### PROBLEM REQUIREMENTS
When the listing below reaches the line that has "Smoked & Cooked", start reproducing exactly; stop after the line that has "Bond and free; a true tale of slave times", and drop the pictures.

### DATA FOR PROCESSING

'''

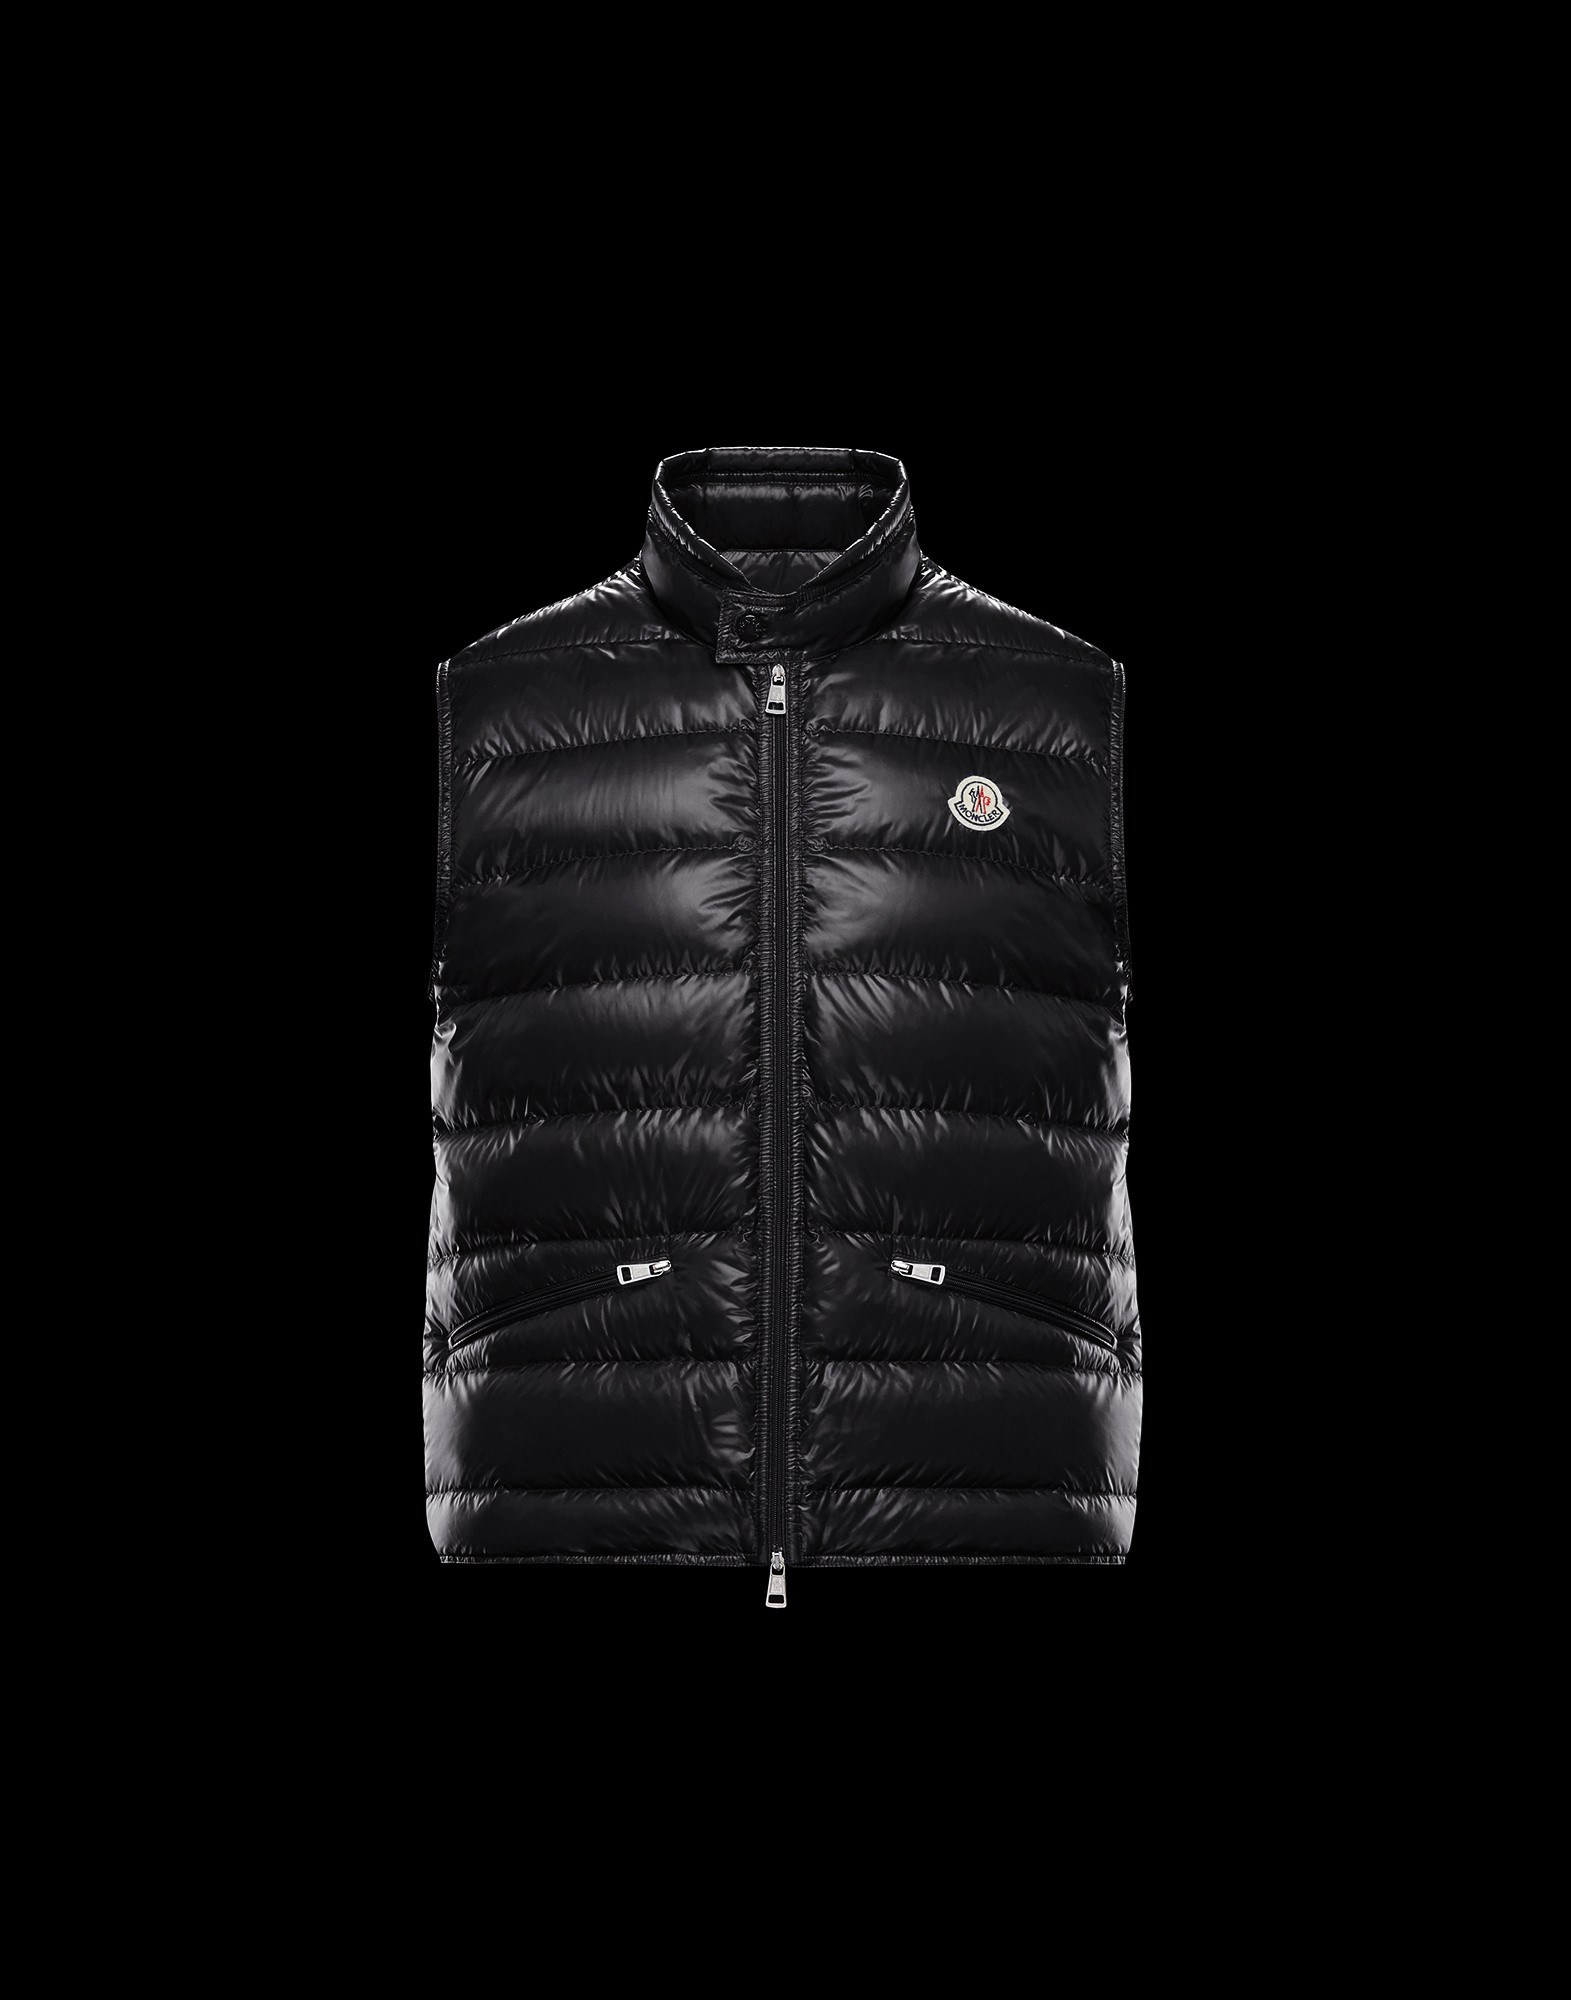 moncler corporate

'''
'''

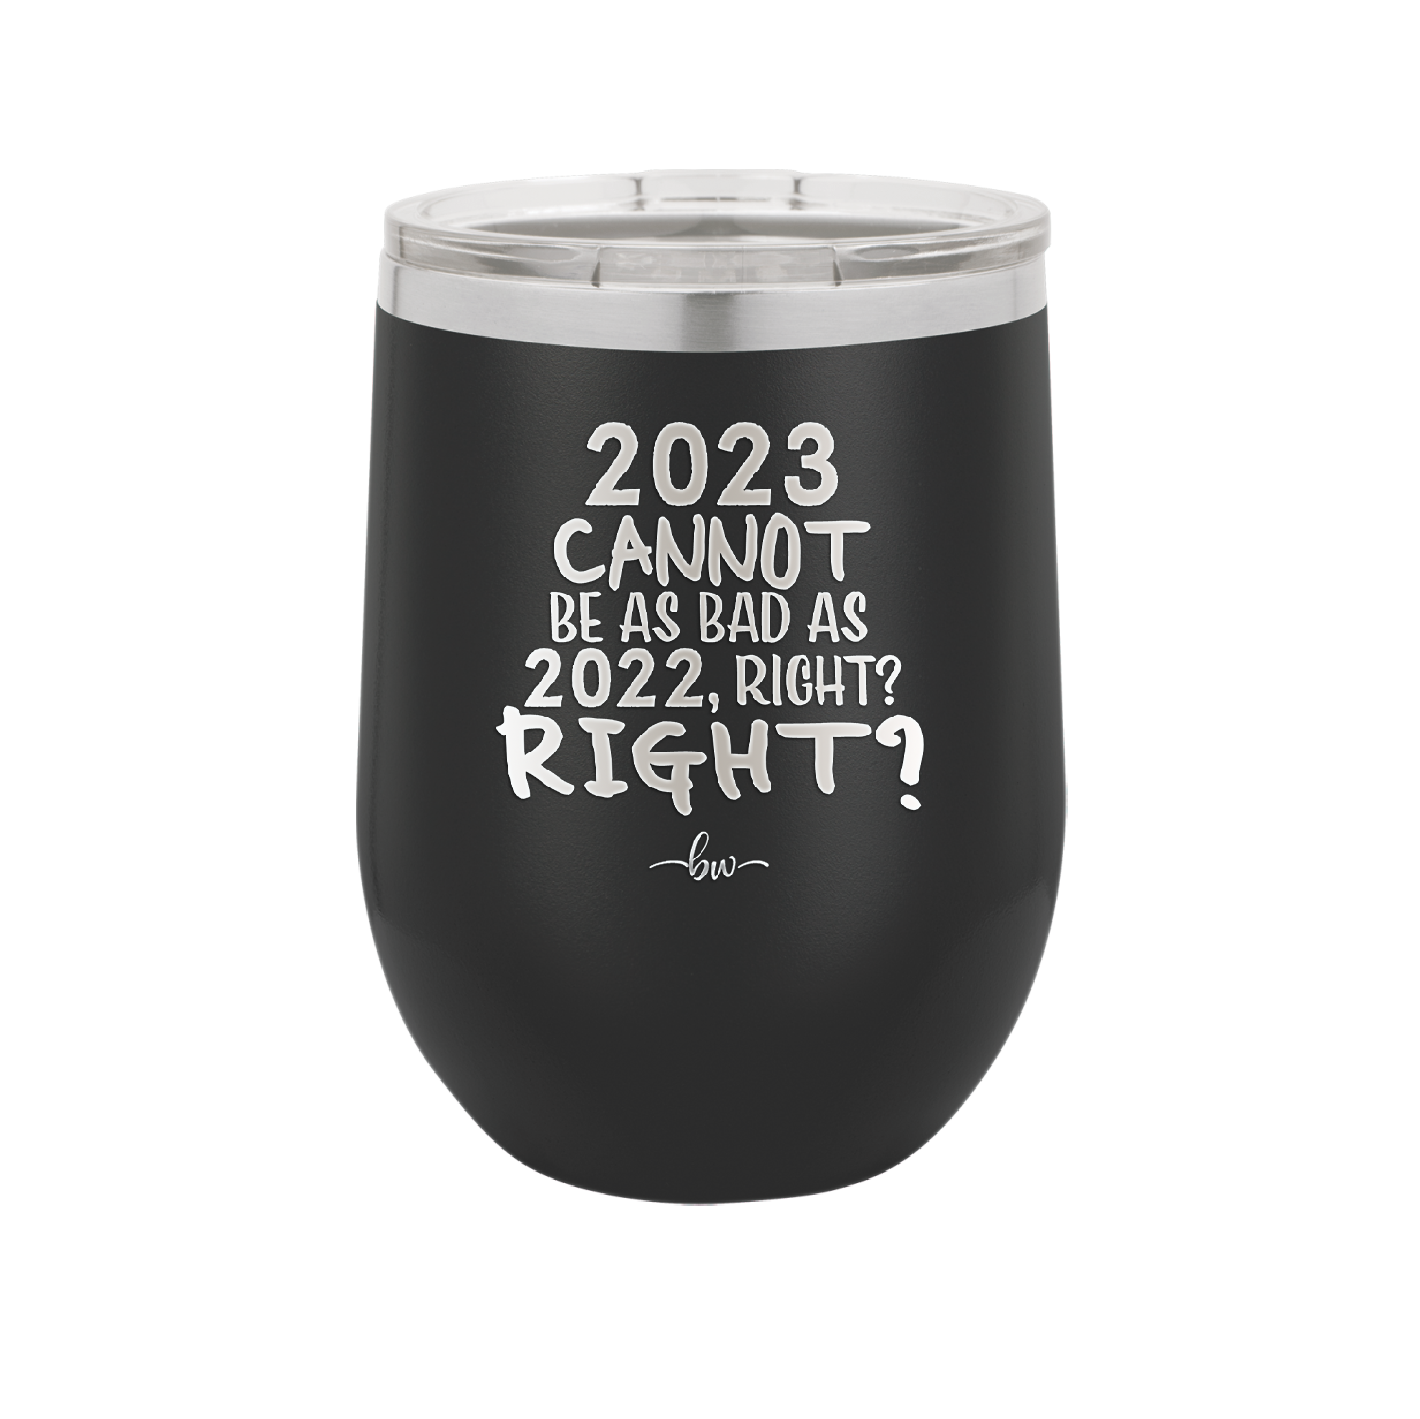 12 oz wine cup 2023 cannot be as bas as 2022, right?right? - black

'''
'''

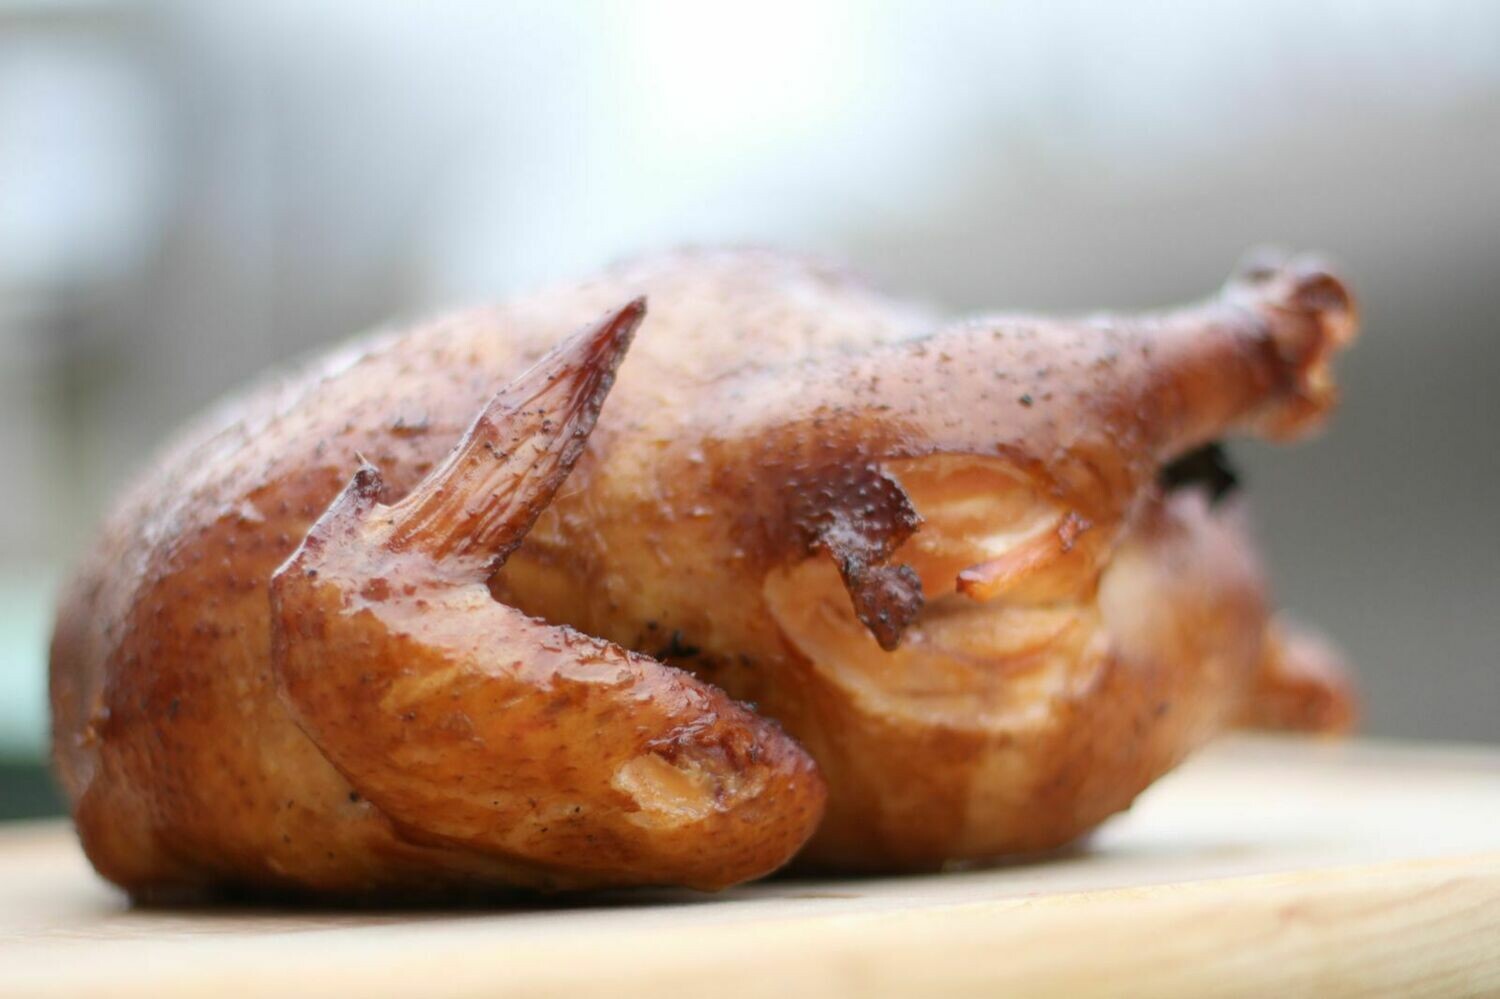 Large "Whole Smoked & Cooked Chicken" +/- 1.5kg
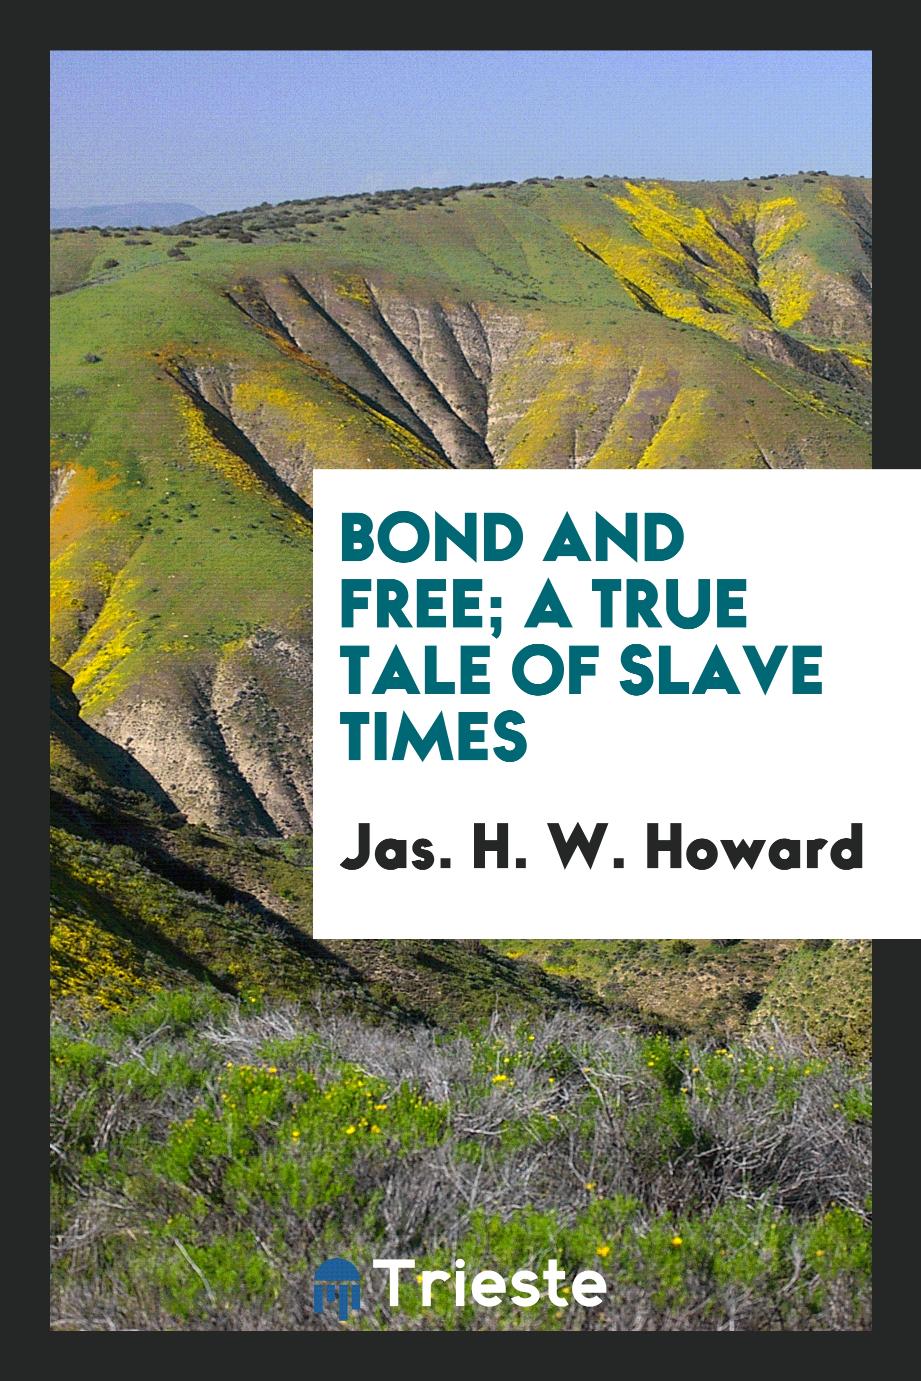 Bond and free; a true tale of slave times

'''

### SOLVED EXERCISE
 Large "Whole Smoked & Cooked Chicken" +/- 1.5kg
 Bond and free; a true tale of slave times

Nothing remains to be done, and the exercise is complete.